The UK was the first nation to introduce a law protecting animals, the 1822 Act to Prevent the Cruel and Improper Treatment of Cattle, adopted two centuries ago. According to the RSPCA, our country today has some of the most progressive animal welfare legislation in the world. So it might be a surprise to learn that a Victorian law still permits cruelty towards hares in England and Wales, an anomaly in our wildlife laws that ought to be corrected.
It is a basic principle of game and wildlife conservation, as set out by Natural England, that wild animals should be protected while they are breeding, to avoid the killing of pregnant mothers and the orphaning of dependent young. For this reason, deer, pheasants and grouse – for instance – cannot be shot during their peak breeding months under a statutory close season for each species. But, in England and Wales, hares are excluded from this protection. Under the Ground Game Act of 1880, they can be shot at any time of year.
While there’s nominal protection from the Hares Preservation Act of 1892, which prohibits the sale of hares in the short period from March to July, the fact that most hare shoots take place in February and March shows this nineteenth-century law has little impact in modern times.
Every signature on the petition makes a difference
An estimated 300,000 hares are shot in England and Wales each year. Hares commonly breed from early February through to the end of September, so during February shoots female hares can already be pregnant or nursing dependent young. For the first four weeks of their lives, leverets are entirely dependent on their mothers for survival. If they are orphaned during this period, infant hares will likely starve to death.

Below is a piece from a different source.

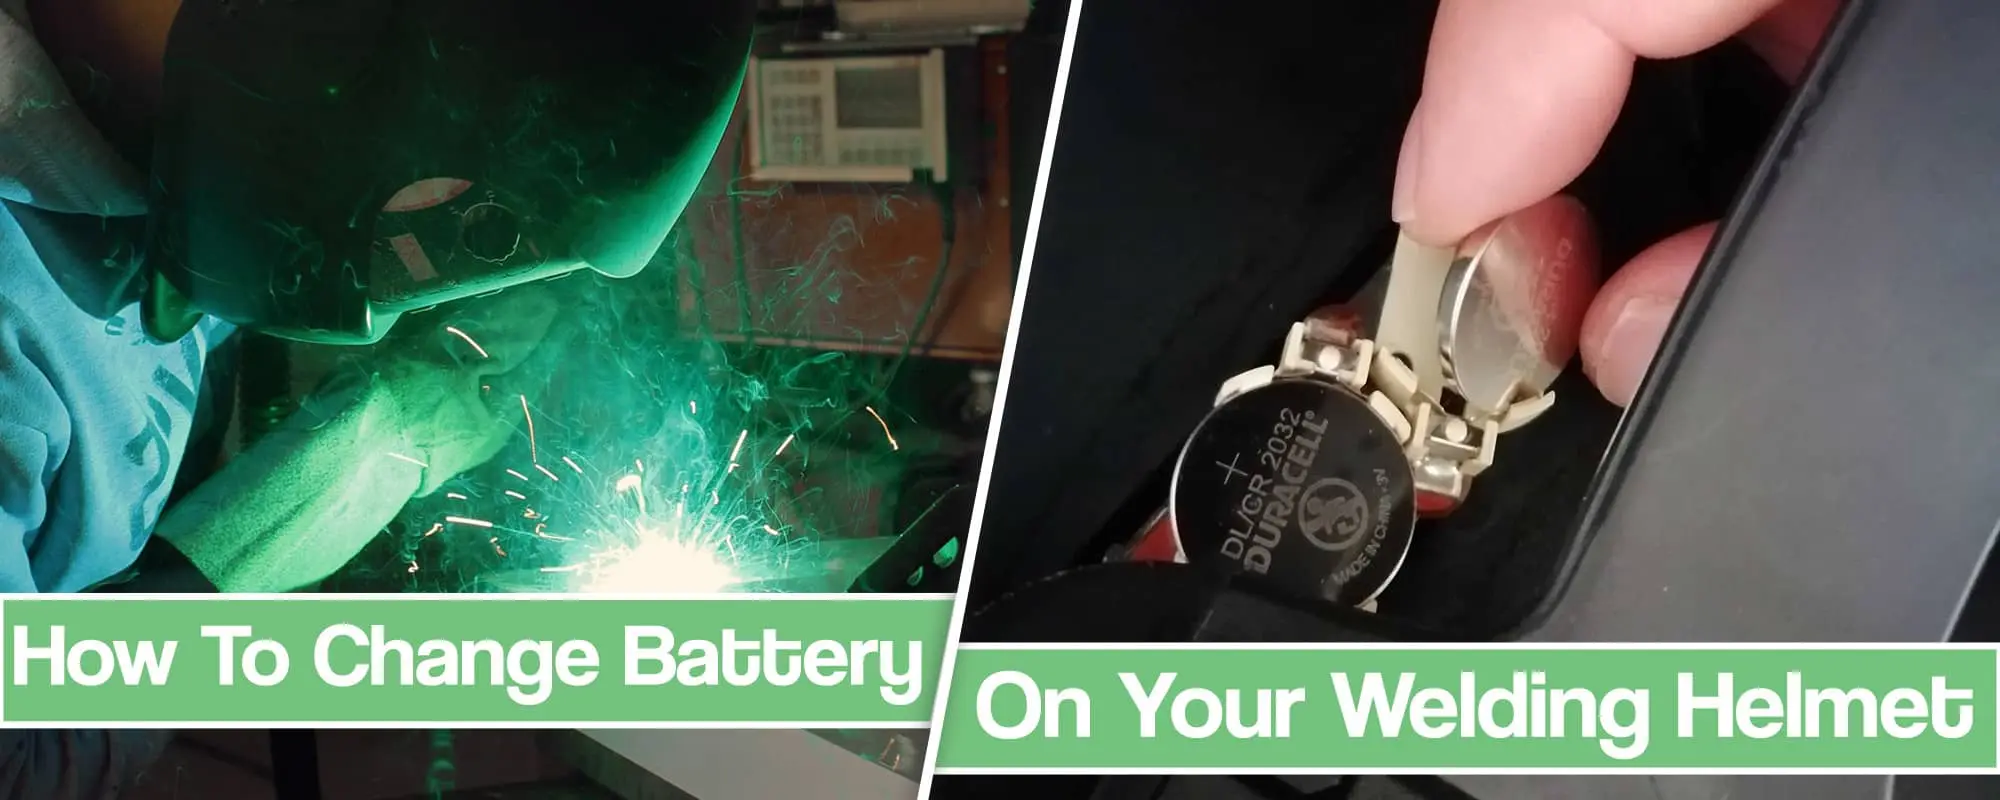 Feature image for How To Change The Battery In Your Welding Helmet article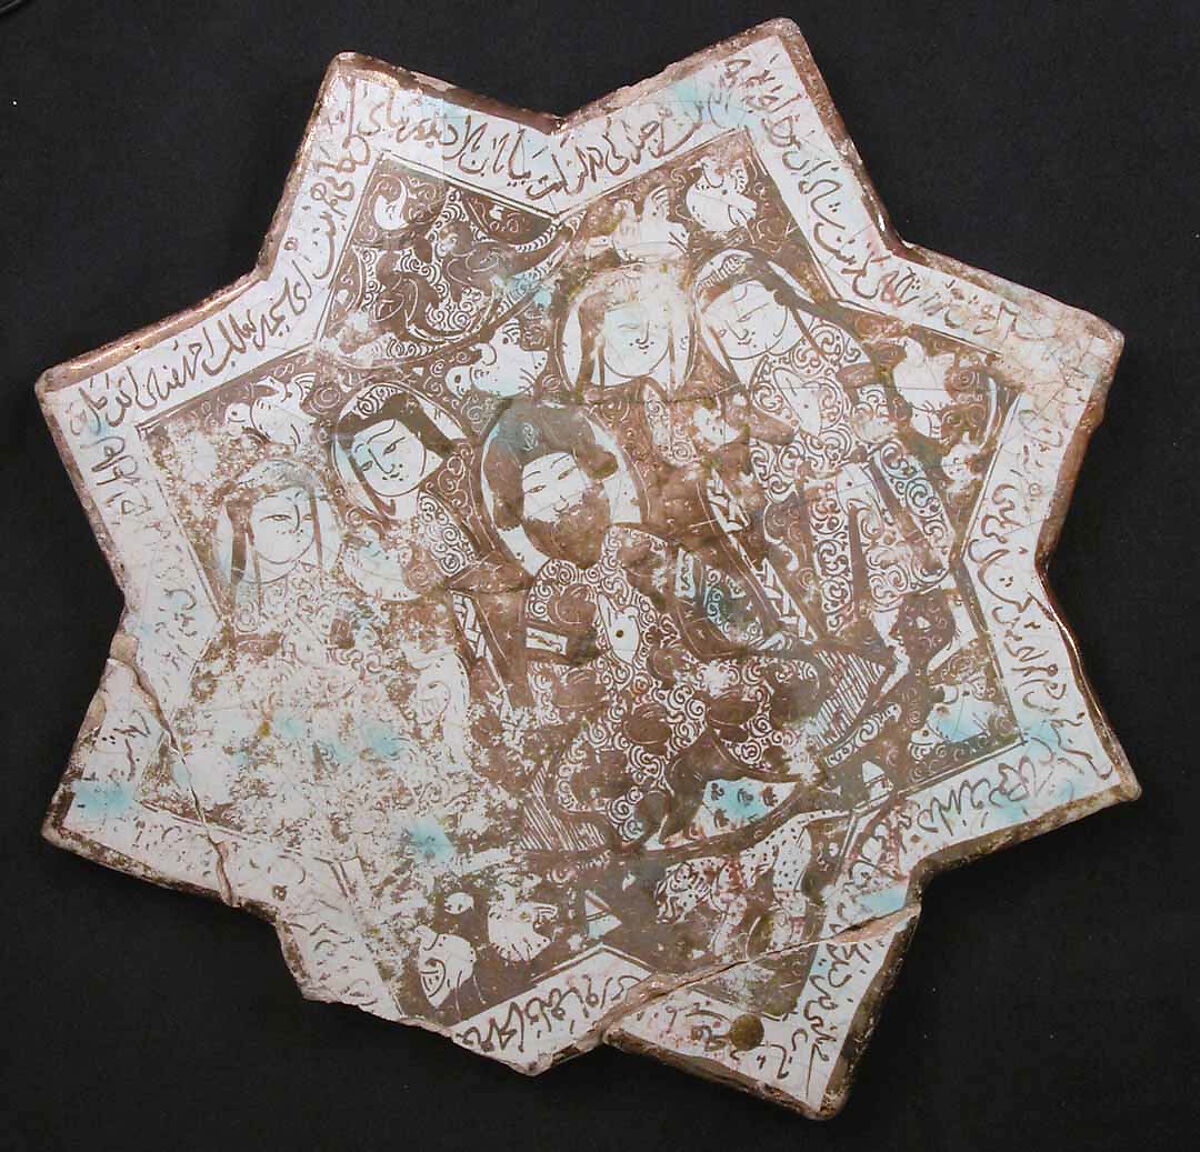 Luster Star-Shaped Tile, Stonepaste; luster-painted on opaque glaze with inglaze painting

This is a clear-cut animal welfare issue, depriving hares of a protection that is considered mandatory for other game animals and that Scotland and Northern Ireland (as well as most of Europe) have already implemented.
Successive UK governments have acknowledged that hares should be given the protection of a close season during their peak breeding season. But they have failed to turn this commitment into law, even though hares have been classed as a threatened and “priority species” under the UK’s Biodiversity Action Plan since 1994 – and despite the dramatic decline of the national hare population over the last century.
In the 1880s, when the Ground Game Act was introduced, there may have been as many as four million brown hares across the UK. There are now believed to be fewer than 600,000. Government targets to double the spring numbers of hares in Britain by 2010 were never achieved, and a voluntary code of practice introduced by the shooting industry in 2013 has failed to prevent shoots from taking place in the breeding season.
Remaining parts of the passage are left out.